:: What is expected ::
An exact reproduction of the listing, minus the pictures, is the required output.

:: Given material ::

▬▬▬▬▬▬

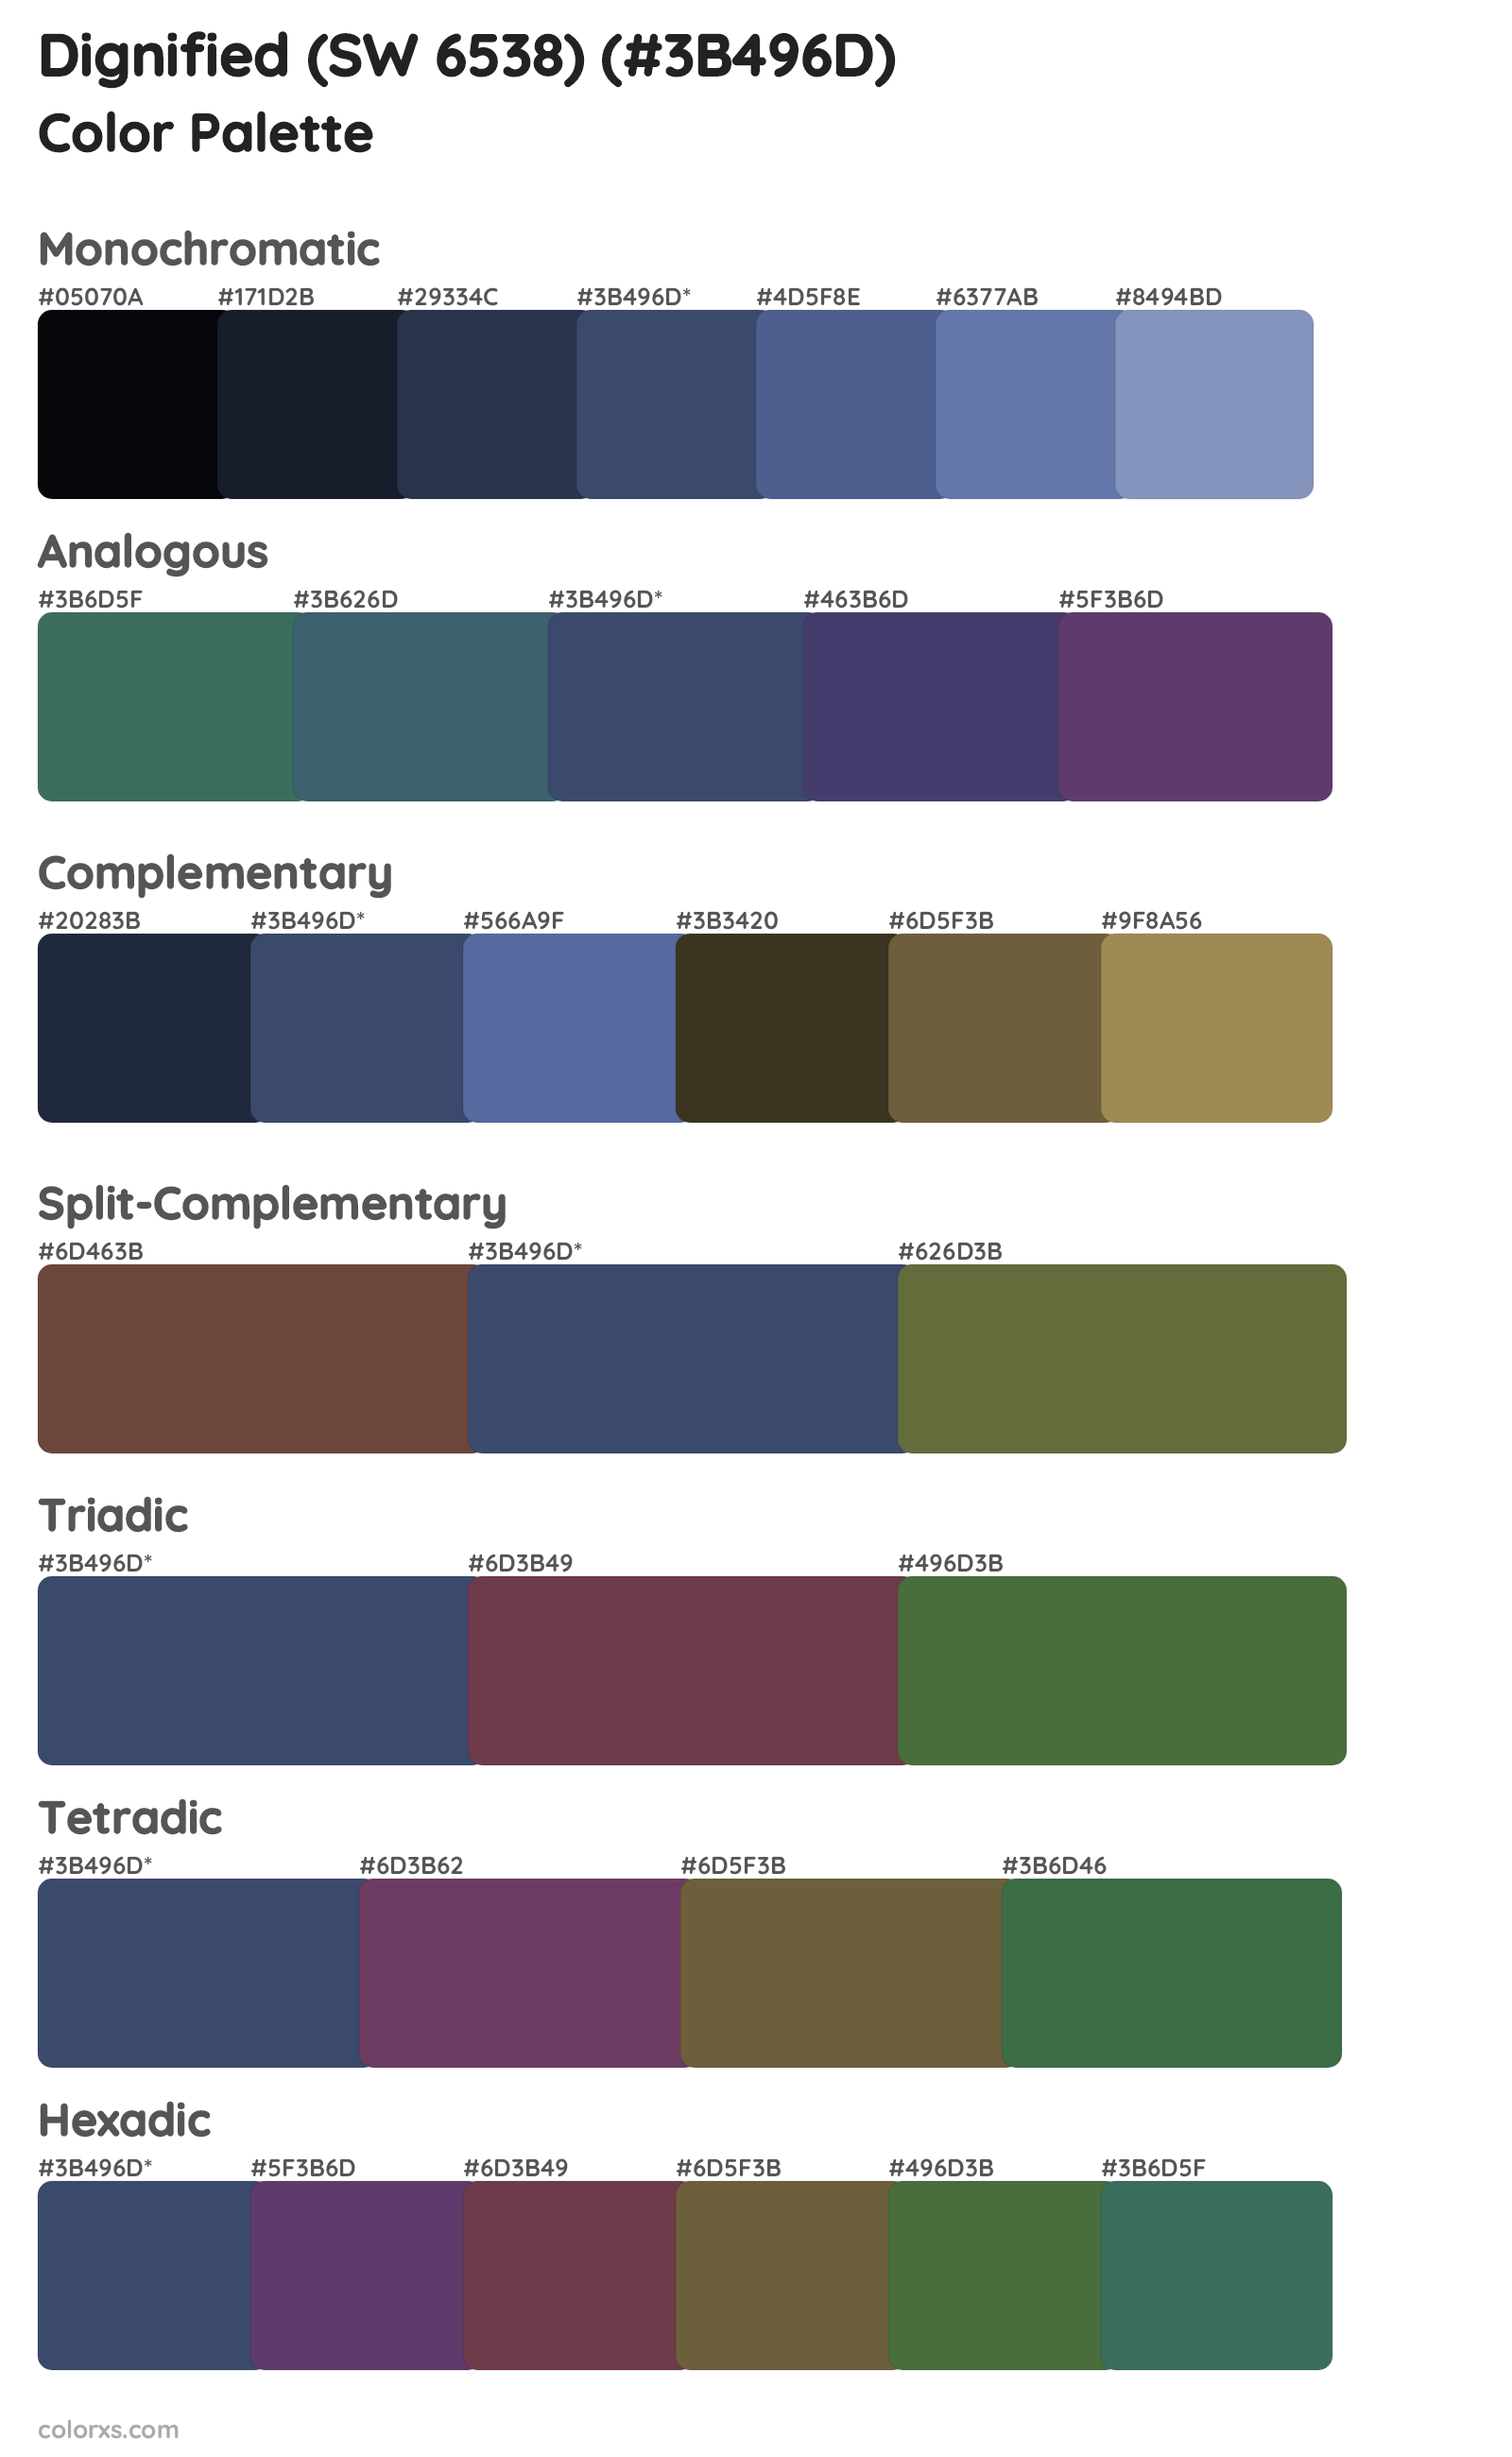 Dignified (SW 6538) Color Scheme Palettes
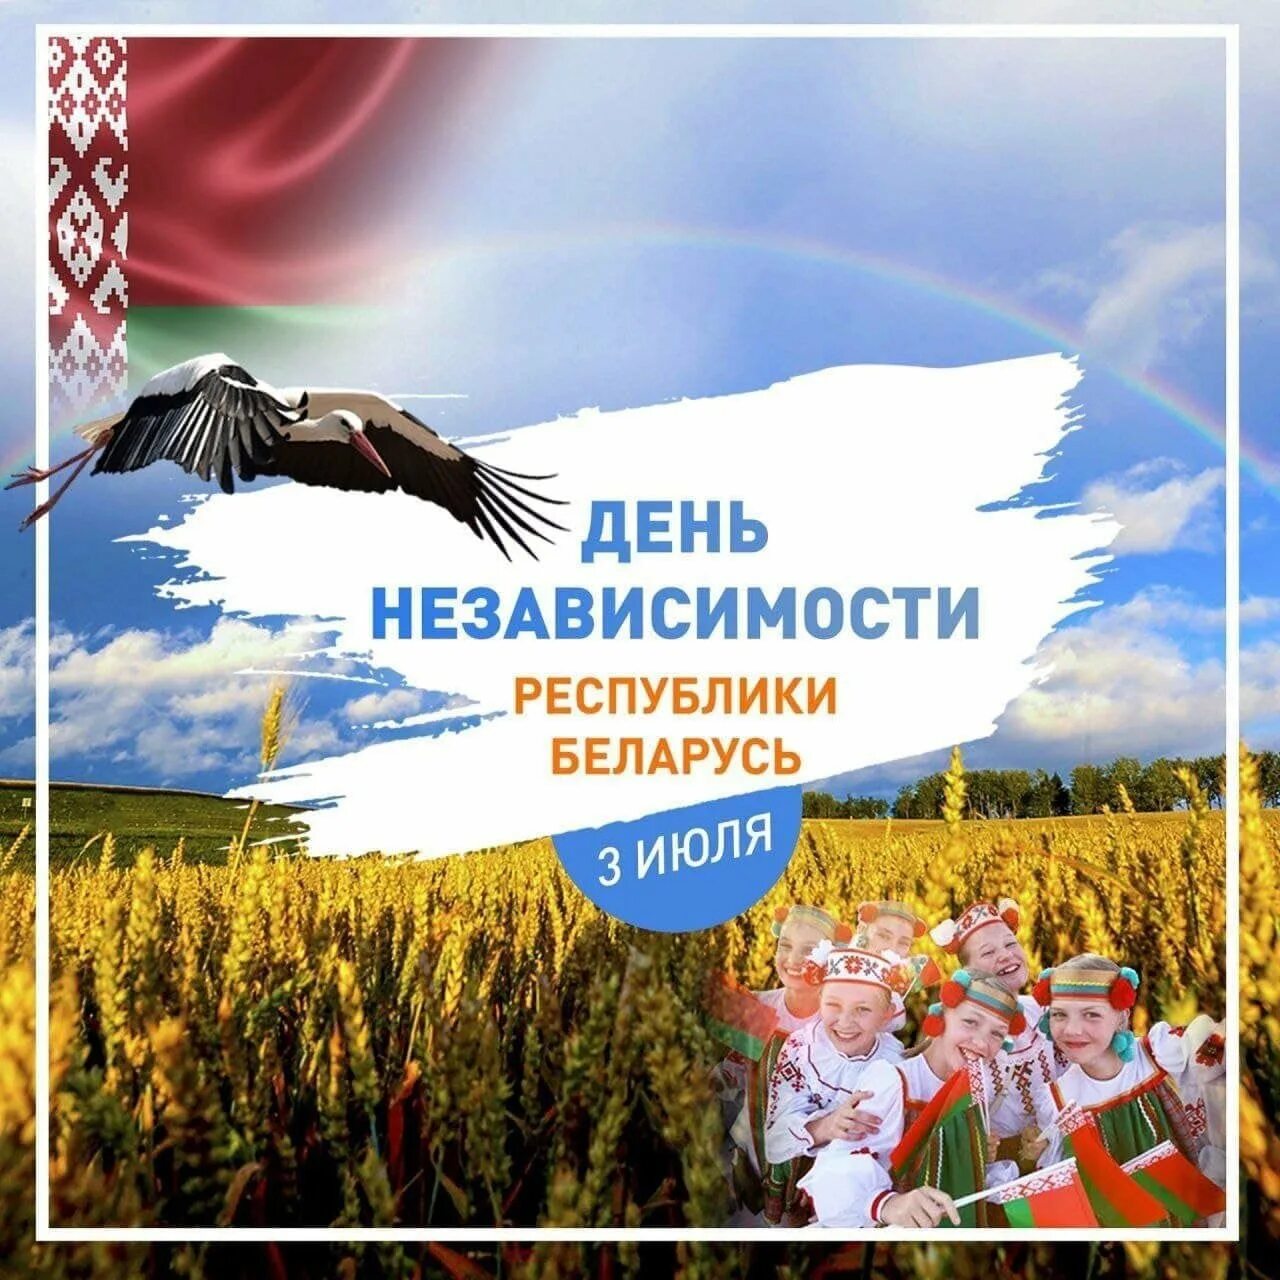 Сутки беларусь. День независимости. День независимости Беларуси. День независимости Республики Беларусь (день Республики). Поздравляю с днем независимости.
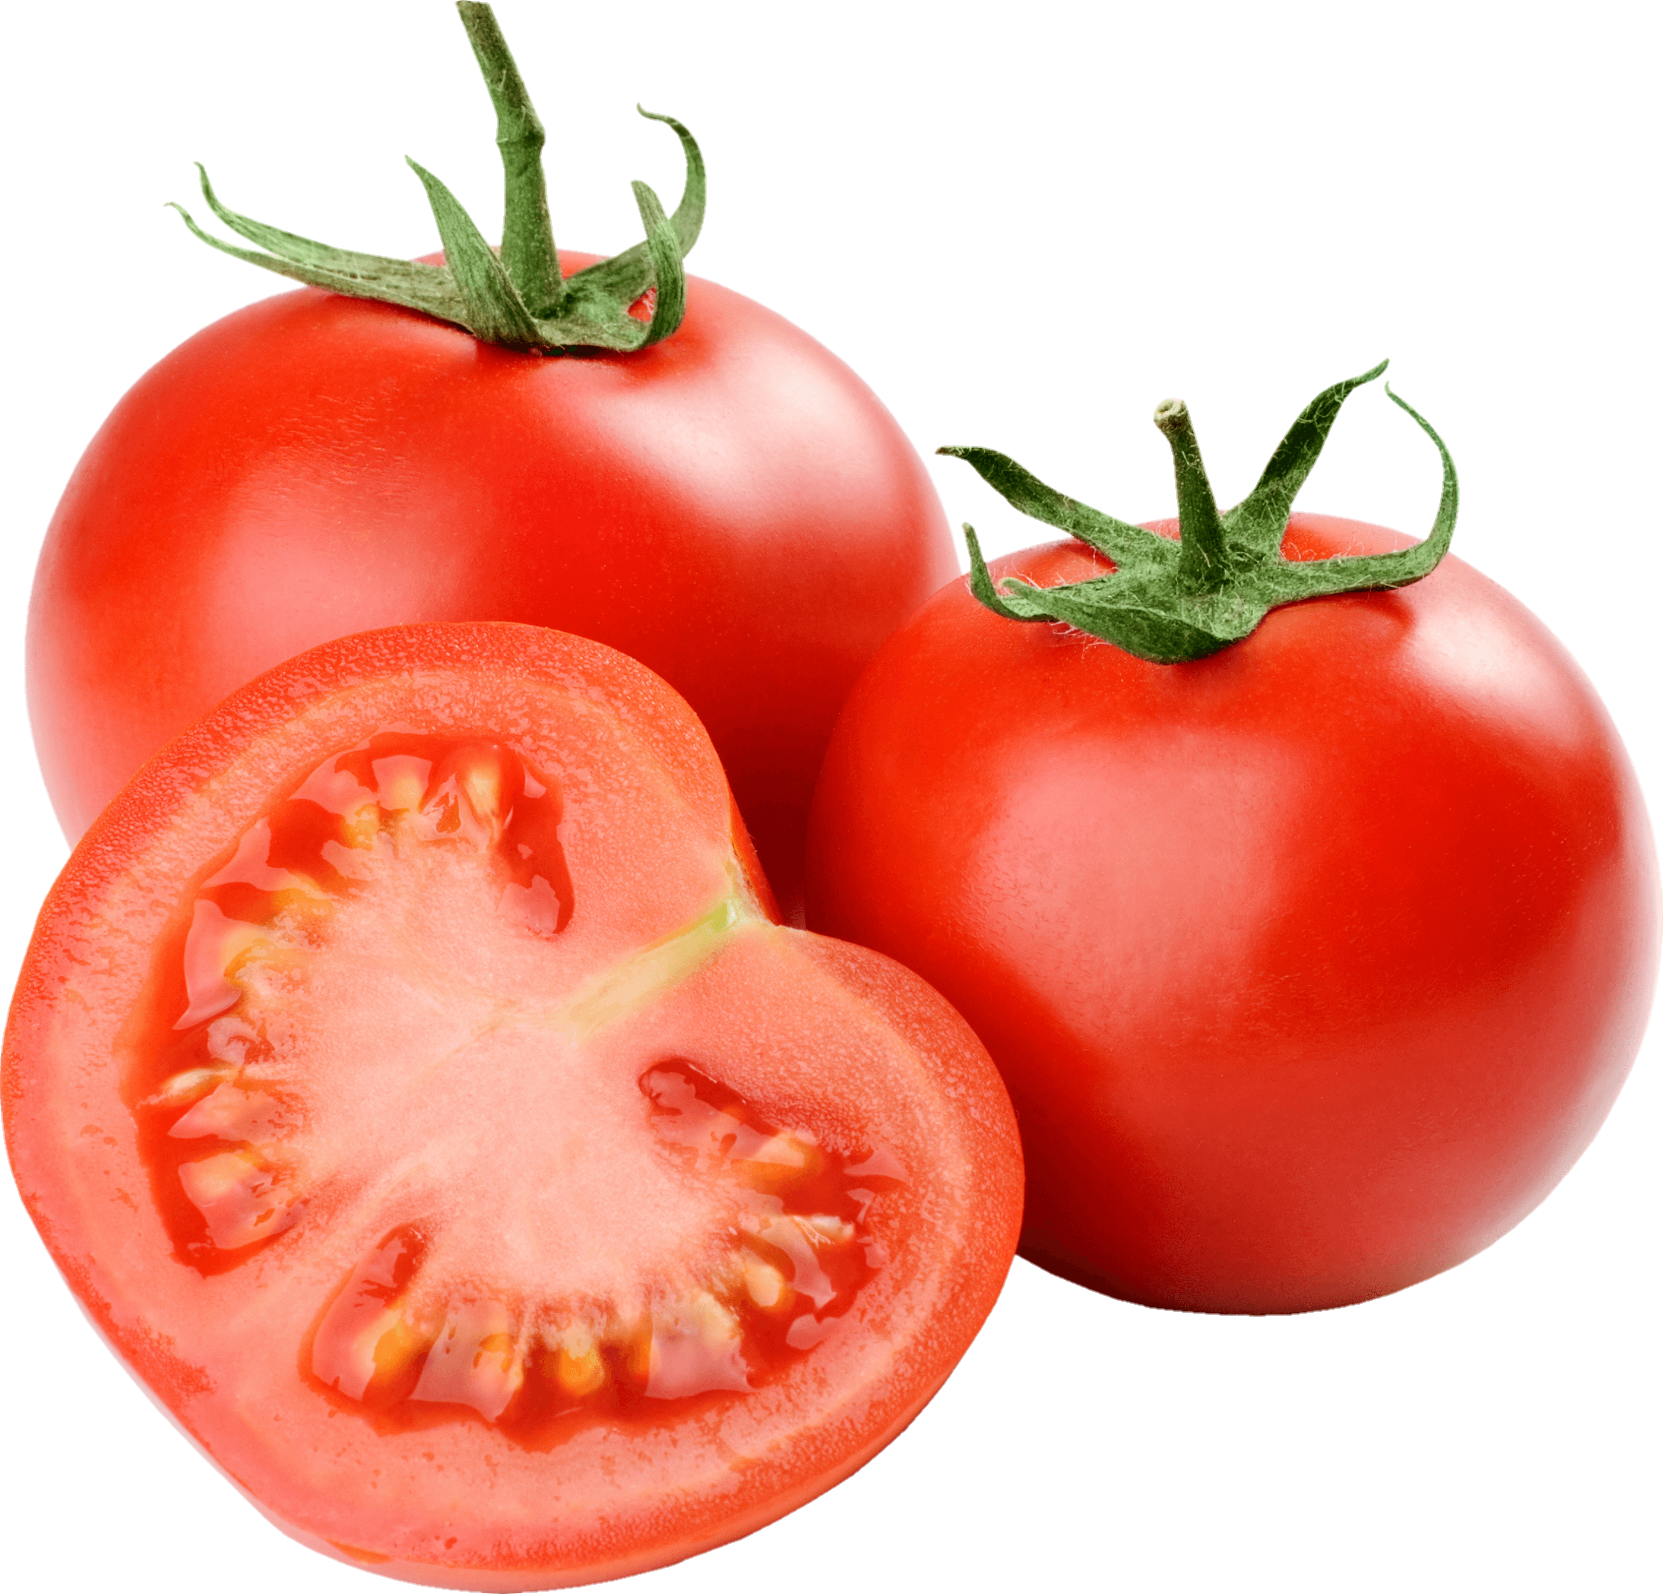 Tomato-27

▬▬▬▬▬▬

:: Expected output ::
 Dignified (SW 6538) Color Scheme Palettes
 Сутки беларусь. День независимости. День независимости Беларуси. День независимости Республики Беларусь (день Республики). Поздравляю с днем независимости.
 Tomato-27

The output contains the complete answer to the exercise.